A funny thing happened today. After yesterday's blizzard—the forecast was for about an inch, but we got six inches or so, with winds gusting around 45 miles per hour—today was glorious: pleasantly warm, sunny, and dead calm. Perfect hawking weather. As I fed Stekoa on the fist in the back yard this afternoon, basking in sunshine with my boots in the snow, it occurred to me that, with daylight saving time having just begun, I could easily have gone hawking after work. But I didn't—and I was surprisingly okay with it.
Technically, the hawking season goes through the end of the month, but we usually end early so as not to interfere unduly with the rabbits' breeding season. Wise hunters don't like to impact next season's production any more than farmers want to eat their seed corn. But there was more to it than that...it was simply enough.

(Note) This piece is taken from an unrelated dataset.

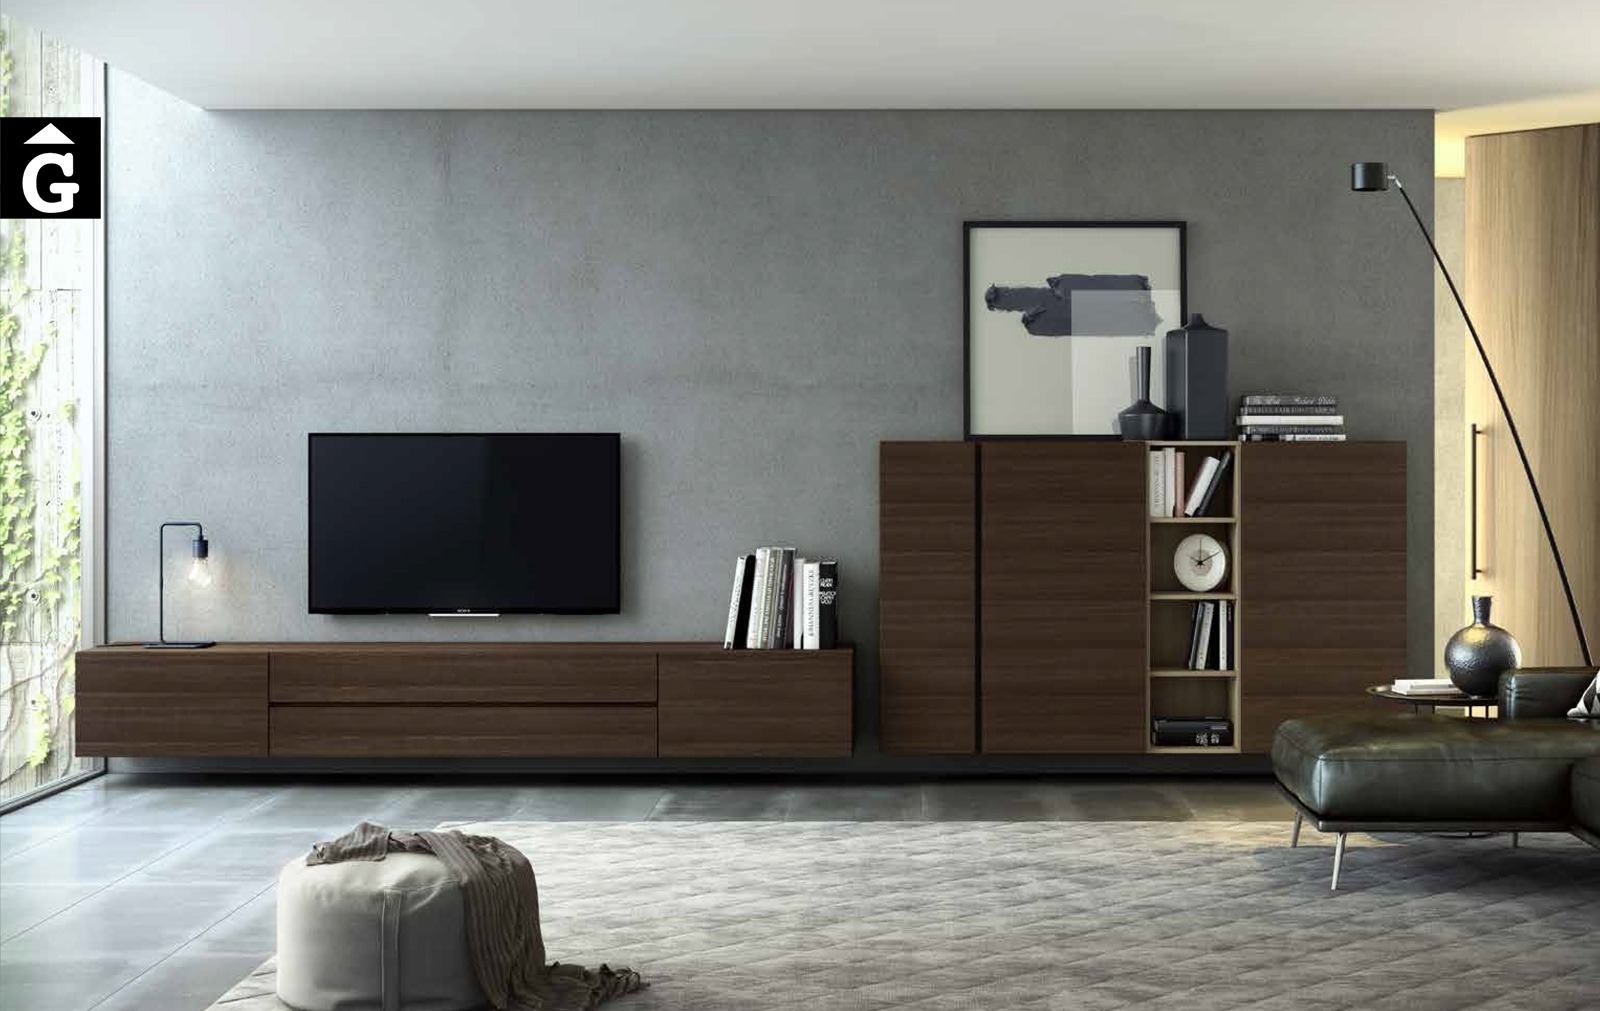 15 0 Area mobles Ciurans per mobles Gifreu programa modular disseny atemporal realitzat amb materials i ferratges de qualitat estil modern minimal

Our flying time this season was severely limited by my work schedule, not much more than weekends really, but despite that I consider it a very successful year. Stekoa was both stylish and efficient, a six-times intermewed gamehawk in his prime. Thanks to several factors—a decent rabbit population after several below-average years, more careful weight management, and perhaps a more judicious selection of hawking grounds—Stekoa caught fewer mice than ever before, reflecting a keener focus on rabbits. From the NAFA meet in November through the end of January, I don't remember coming home without at least one rabbit in the bag—taking game is not my definition of success, but it is a pretty good indicator. And even when he didn't score, he always showed good sport.

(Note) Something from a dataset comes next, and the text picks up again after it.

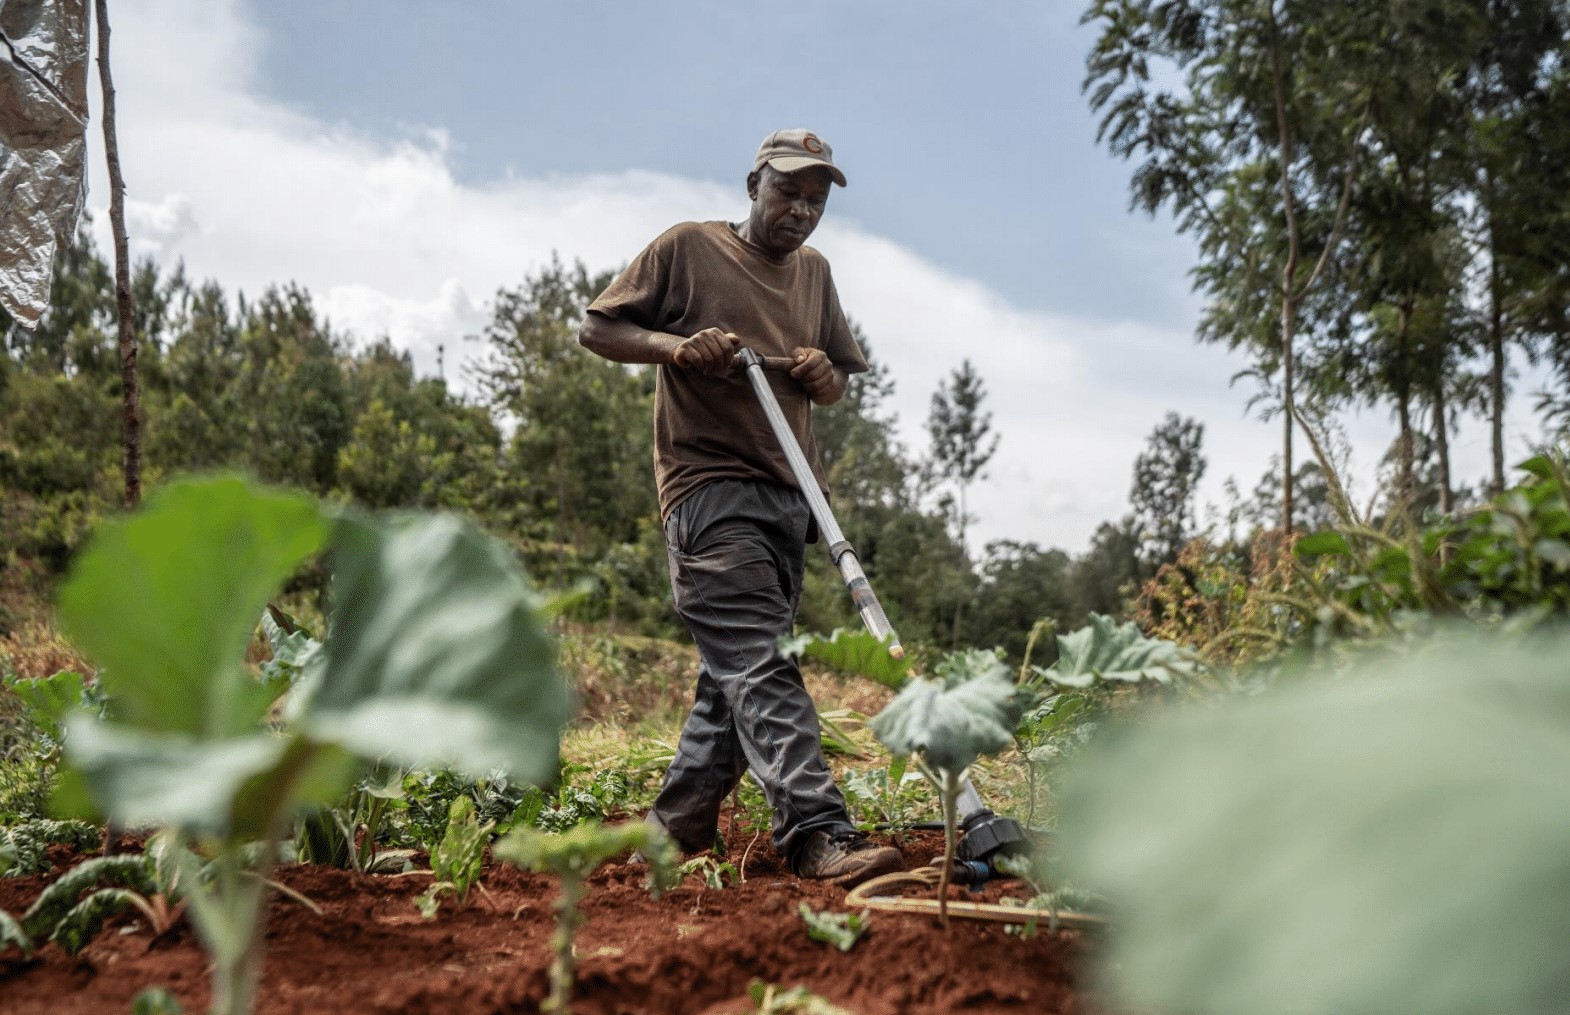 Prêt pour un gros plan sur les pompes d’irrigation Kickstart au Kenya?

What I now believe was our last hunt of the season, on Saturday, is a case in point. In the field were Jessica, Ellie, Pat and Shea Stull, and Shea's friend Rachel. [Photo by Pat above.] Just a day before the blizzard swept through, the temperature was in the 60s, and I was a bit concerned that Stekoa might opt to sit in a treetop and sunbathe rather than hunt with us; instead, he followed as brilliantly as ever. We flushed half a dozen rabbits—rabbits that, having survived into March, must be considered the most difficult of the season—and got good flights on all of them. Nothing brought to bag, but I was exhilarated. The hunt was followed by a sociable dinner back at the Stull's house (thanks, Trisia!), and when the snow and wind came overnight, I was content to sit the day out, and to contemplate a long series of days off.
A good hawking season behind me, a spring and summer's worth of fishing, garden projects, perhaps some travel ahead of me...I'm contented, and I find it wise not to underestimate the significance of contentment.